Various options could materialise as South Africa’s gas supply increases into the future. For the development of the case studies, the target market has been considered as firstly Gauteng and secondly the mining/metal processing industry in the north-western part of South Africa such as around Rustenburg, Sishen and Mokopane where metals such as platinum, chrome, copper, iron, and manganese are mined and processed. The following options will be considered in the two case studies:
- Case study 1: Compare Botswana CBM plus a pipeline to Gauteng with LNG imported via an FSRU at Richards Bay and the gas transported via pipeline to Gauteng.
- Case study 2: Compare Botswana CBM plus a small liquefaction plant with LNG imported via a land-based LNG import terminal at Richards Bay and LNG truck transport to mines and metal processors in the north-western part of South Africa.
Importation of LNG
Currently there is no LNG import infrastructure in South Africa. To supply gas to the northern parts of South Africa an LNG import terminal (FSRU or land-based) will have to be established in Richards Bay or in Maputo (as currently under consideration by Total and GigaJoule). To ensure security of supply, a terminal owner will have to enter long-term LNG supply contracts (typically at least 15 years). Currently, the best prices obtainable on such LNG supply contracts would be LNG sourced from the USA which utilise Henry Hub cost-plus formulas in the determination of the gas contract prices. In such a case the build-up of the delivered gas price to Richards Bay would be:
|Henry Hub price:||$3 to $4/GJ|
|Local costs in USA such as pipeline tariffs:||$0,5/GJ|
|Liquefaction costs at USA port:||$3/GJ|
|Shipping cost to South Africa:||$1,5 to $2/GJ|
|→ Landed LNG price in Richards Bay:||$8 to $9,5/GJ|
The cost of LNG storage and possible regasification in Richards Bay will be different in the cases of a land-based terminal and an FSRU. For these case studies it is assumed that an FSRU will be used for the case of pipeline transport to Gauteng and a land-based terminal for LNG transport to the mining areas and metal processing facilities. Assuming that enough LNG will be imported to justify the erection of such facilities (3 million tpa of LNG), the cost associated with these facilities would be:
|For FSRU (case study 1):||$1,1/GJ|
|Port and import charges for FSRU (case study 1):||$0,4/GJ|
|For land-based terminal (case study 2):||$1,8/GJ|
|Port and import charges for land-based (case study 2):||$0,7/GJ|
|→ Total terminal costs for case study 1:||$1,5/GJ|
|→ Total terminal costs for case study 2:||$2,5/GJ|
From the above, the total despatched gas cost/price out of the Richard Bay terminals is then roughly calculated as:
|→ Gas pipeline inlet cost for case study 1:||$9,5 to $11/GJ|
|→ Road tanker LNG inlet cost for case study 2:||$10,5 to $12/GJ|
Gas production from CBM in Botswana
Over the past 20 years a substantial amount of work has been done on the exploitation of the coal-bed methane (CBM) resources in Botswana. Enough information is available to make reasonably accurate estimates of the cost of gas production, gas gathering, gas purification, and gas compression. It is roughly estimated that the gas price at wellhead would be between $5 and $6/GJ.

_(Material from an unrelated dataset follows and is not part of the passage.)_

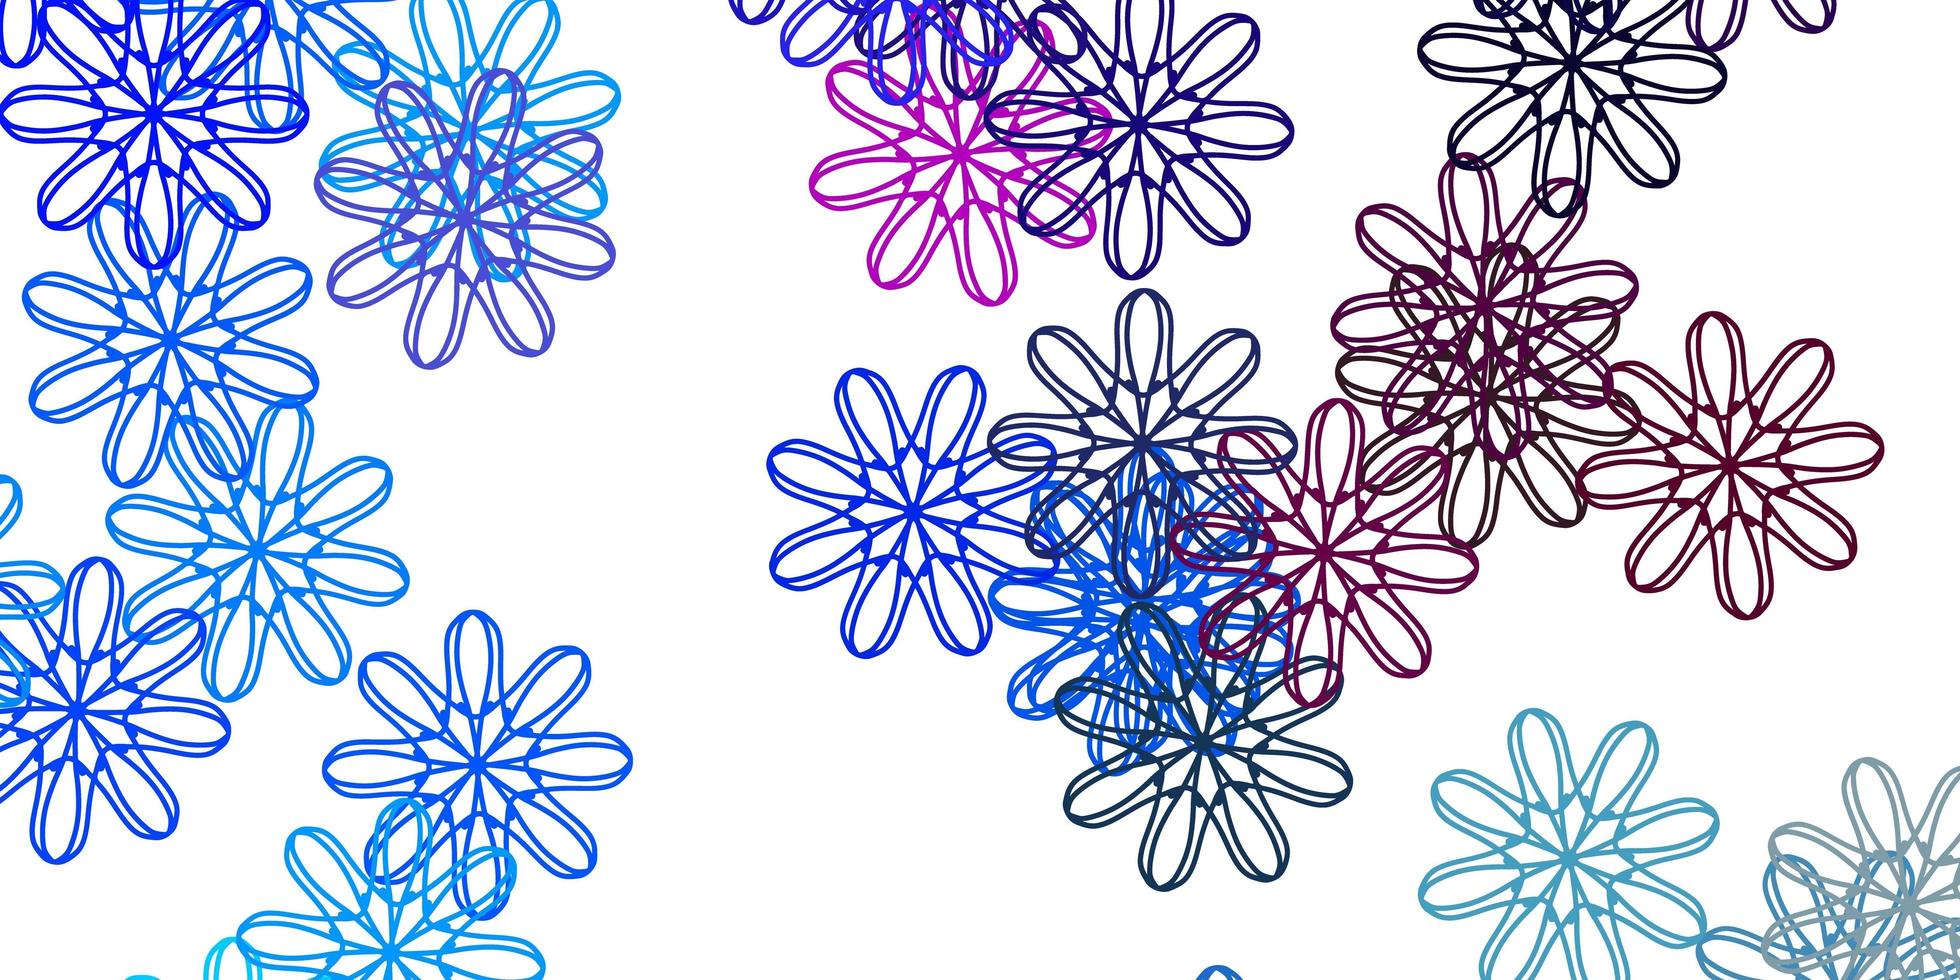 modello doodle vettoriale rosa chiaro, blu con fiori.

In the case of gas that will be transported to Gauteng by pipeline, there is a lower need for purification than for gas prepared for liquefaction. On the other hand, the pipeline would require higher compression of the gas than the liquefaction plant. Roughly, the costs for the two scenarios up to the point of despatch from Botswana, can be calculated as follows.
Case study 1:
|→ Total above-ground costs for case study 1:||$0,9/GJ|
Case study 2:
|Liquefaction (for 60 000 tpa plant):||$4 to $5/GJ|
|LNG storage:||$0,5 to $1/GJ|
|→ Total above-ground costs for case study 2:||$5,5 to $7/GJ|
Using the stated gas price at wellhead of $5 to $6/GJ, the total despatched gas cost/price from the Botswana CBM is then roughly calculated as:
|→ Gas pipeline inlet cost for case study 1:||$5,9 to $6,9/GJ|
|→ Road tanker LNG inlet cost for case study 2:||$10,5 to $13/GJ|
Gas market in South Africa and logistics
For case study 1, the gas market is assumed to be Gauteng. This market is well served by existing gas pipeline infrastructure and is equidistant from Richards Bay and the Botswana CBM resource. Some pipeline infrastructure is in place between Richards Bay and Gauteng, but at least the Lilly pipeline (from Richards Bay to Secunda) will have to be replaced or expanded substantially. From Botswana to Gauteng, a new pipeline will be required. Such a new pipeline would require a base load of roughly 100 million GJ/a, a volume that should be absorbed easily into the Gauteng market. At these flow rates, the main transmission pipeline tariff would then be:
|For new pipeline from Botswana to Gauteng:||$1,5/GJ|
|For pipeline from Richards Bay to Gauteng:||$1/GJ|
For case study 1, the estimated delivered cost/price to bulk customers in Gauteng would then be:
|→ Imported LNG delivered as gas by pipeline:||$10,5 to $12/GJ|
|→ Botswana CBM delivered by pipeline:||$7,4 to $8,4/GJ|
For case study 2, the market is assumed to be the north-western mining districts of South Africa. Using the mining town of Thabazimbi as the central point of this mining and metal processing district, the road distances are roughly 870 kms from Richards Bay and 520 kms from Botswana CBM. From previous work done on LNG road logistics, the road tariffs then come to:
|Road tariff from Botswana to Thabazimbi:||$2/GJ|
|Road tariff from Richards Bay to Thabazimbi:||$2,8/GJ|
For case study 2, the estimated delivered cost/price to bulk customers in north-western parts of South Africa would then be:
|→ Imported LNG delivered by road tanker:||$13,3 to $14,8/GJ|
|→ Botswana CBM delivered by road tanker:||$12,5 to $15/GJ|
Case study 1:
Case study 1 compared the supply of Botswana CBM via pipeline to Gauteng with LNG imported from the USA via a floating storage and regasification unit (FSRU) at Richards Bay and the gas transported via pipeline to Gauteng. Cumulative cost for both these cases are shown in Figure 2, as calculated from the lowest cost of any price ranges.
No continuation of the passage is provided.